Providers should not allow external forces to dictate the adoption of their advanced specialized testing, especially since with the rapid introduction and improvements to diagnostic testing, an external panel of physicians who often lack relevant expertise cannot be expected to keep pace with the efficacy of new tests. To this day, AHRQ, an entity that many payors, including CMS, often look to for guidelines, still lists the level of evidence for BRCA testing as fair because there have not been traditional randomized clinical trials. Guideline inclusion is slow to catch up with true clinical practice and is often influenced by political self interests between physician specialties. Providers themselves have the best and latest information on both theirs and competing assays and should stand behind their products and be willing to take risk on pricing in order to both educate the payor community and the ordering physician regarding the value of their services. That means assuring that the service is ordered appropriately and charging for it based on its value. Specialty labs have been very successful at educating payors regarding the optimal use of their assays and negotiating the elimination of costly prior authorization processes, by providing ordering guidelines to physicians that truly reflect optimal use of the test and how best to place it on the diagnostic continuum.
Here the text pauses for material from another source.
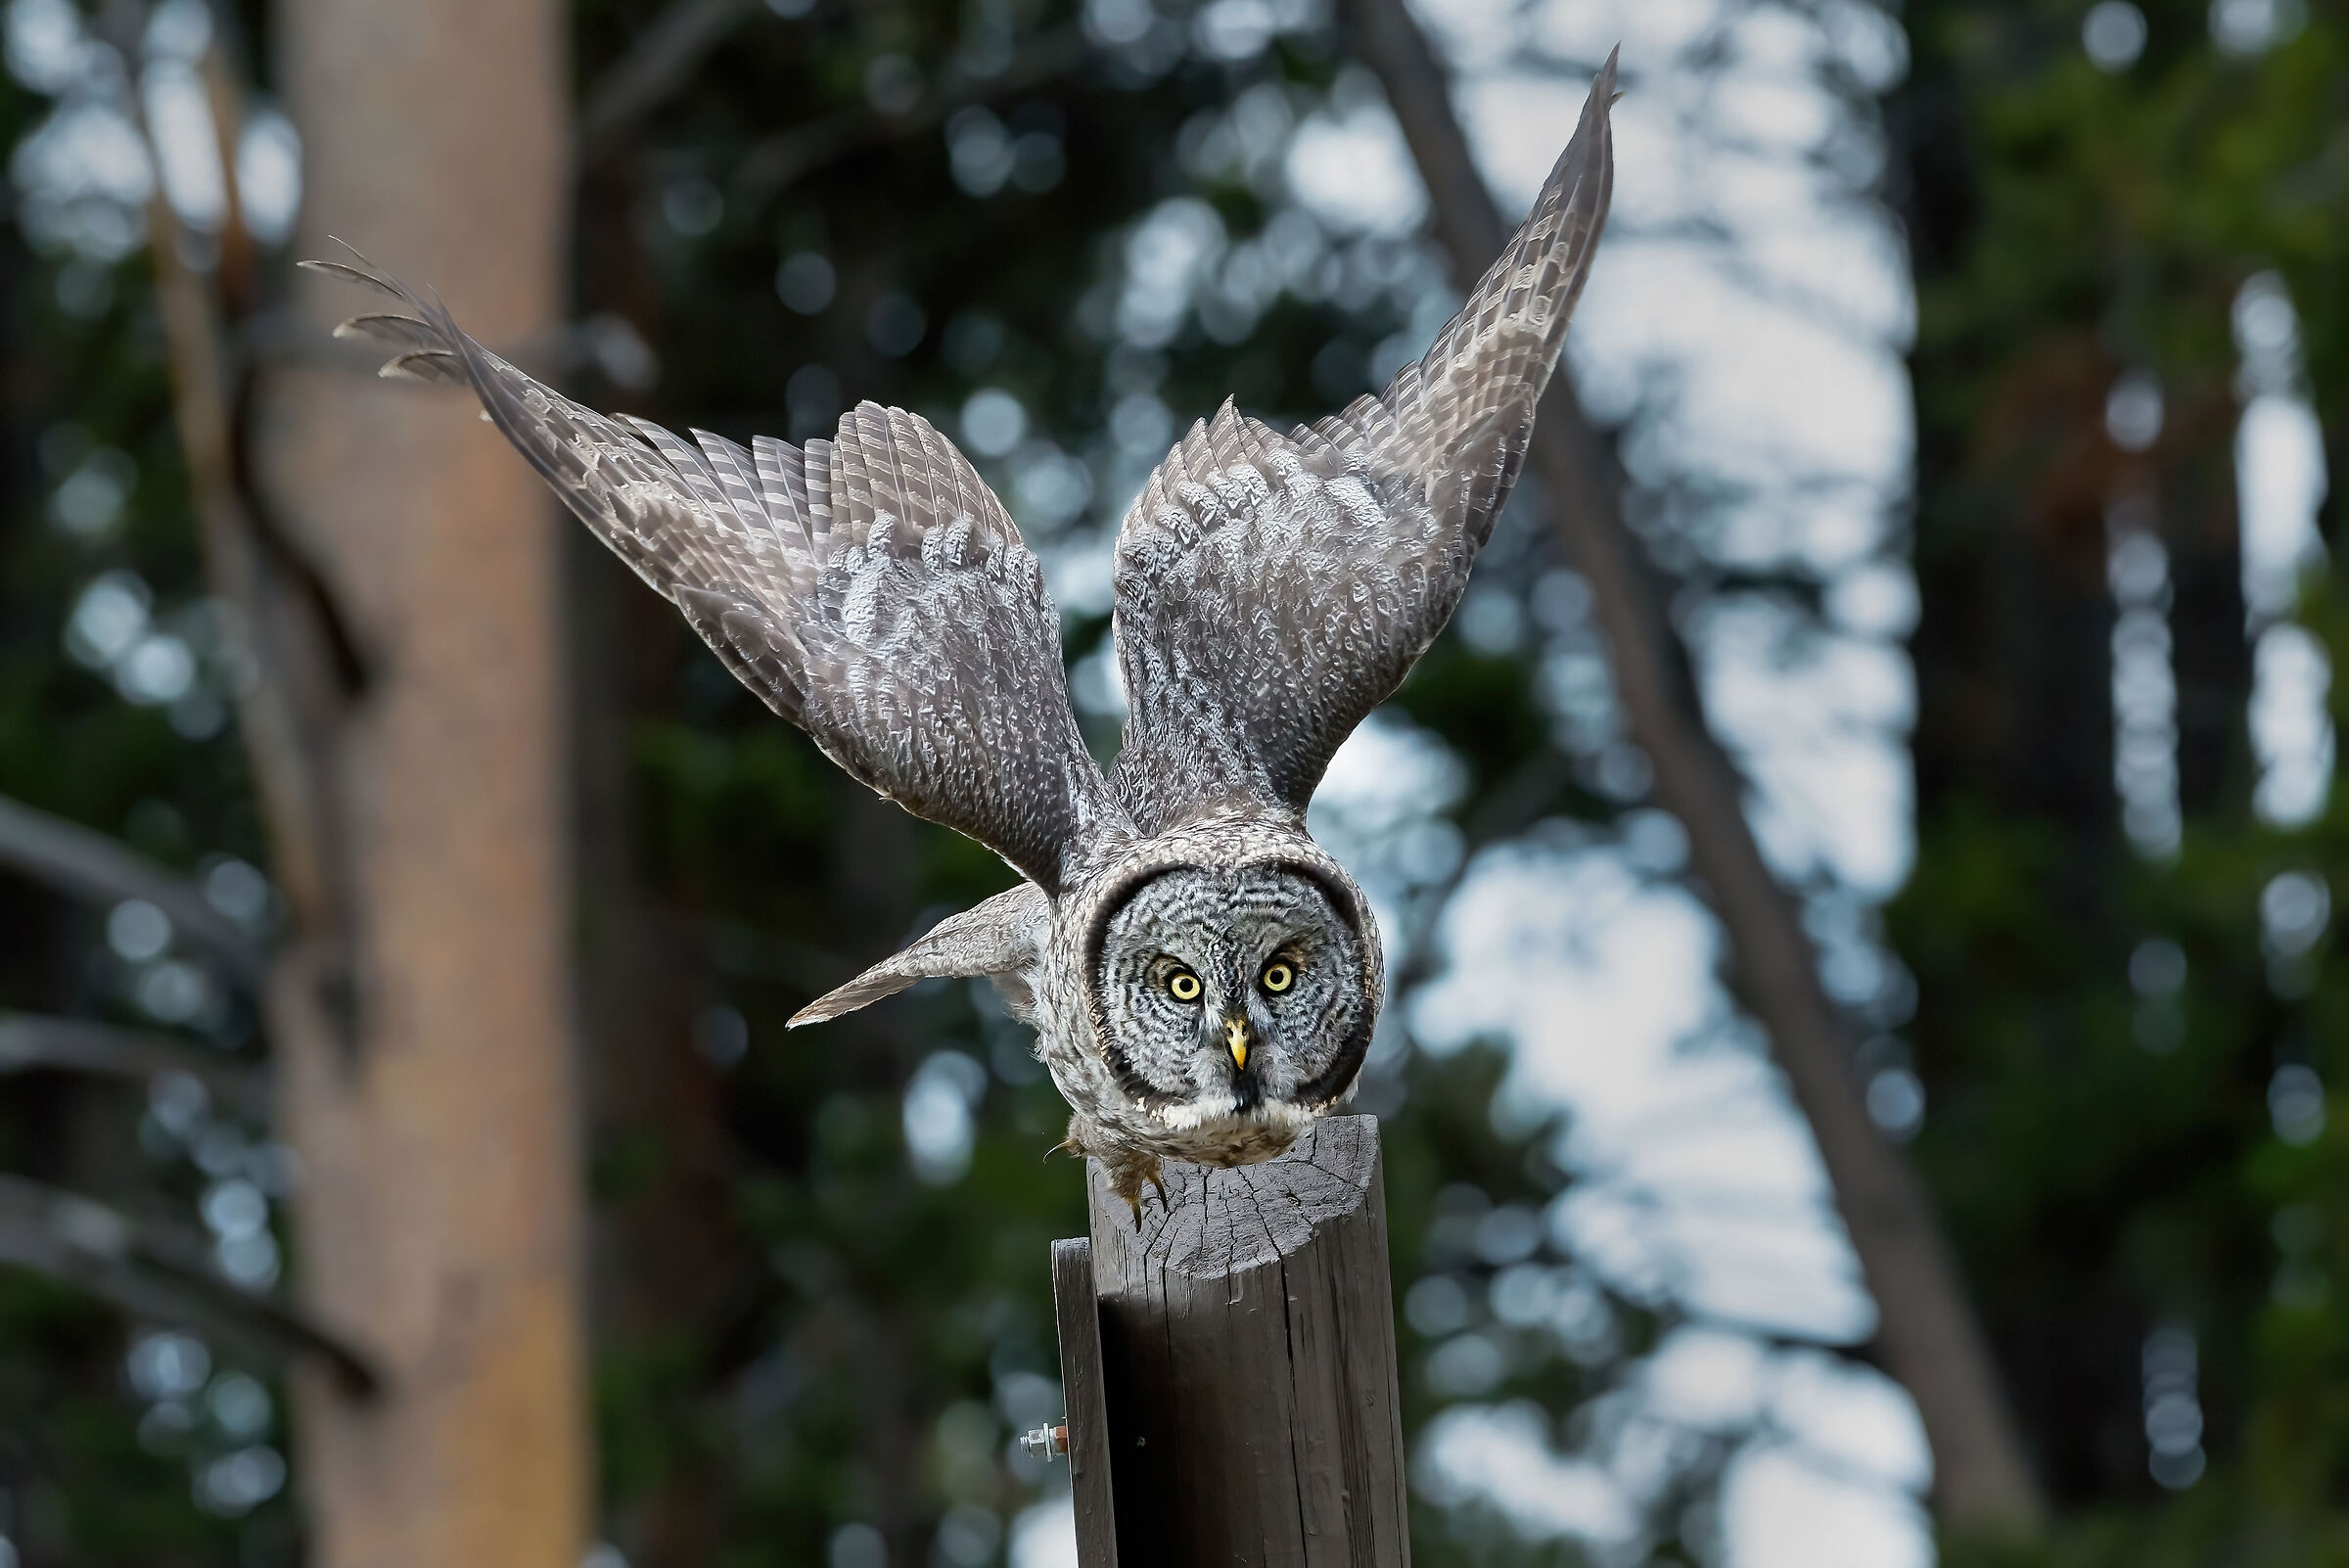 Allocco di Lapponia (Strix nebulosa), Great Grey Owl...

This coupled with negotiating pricing that goes down if the assay proves to be less effective than expected and up if it demonstrates patient and cost effectiveness in longitudinal studies, will put the lab provider with the best assay at an advantage and in the driver’s seat.

Technology is the equalizer that has not only disrupted the healthcare continuum, but also allows us to achieve the delivery of prompt and meaningful decision support to the physician’s desk top. This continuing advancement and our ability/desire to integrate with other systems will allow us to achieve as a whole what could not possibly be done independently by any given entity. Despite our reluctance and belated establishment and adoption of standards (5010, ICD-10, LOINC, CPT, HIT, SaaS, PaaS) as an industry, our very existence as viable businesses now depends on a fully cooperative network. Selecting internal technology platforms that allows each provider to deliver its expert content through web services connectivity to the point of service allows the provider to facilitate proper use of diagnostic services while providing physicians with decision support criteria (developed in partnership between providers and payors) that optimize quality of care and value in the healthcare dollar. Aligned incentives between payors and providers have the best opportunity to deliver the promise of personalized medicine.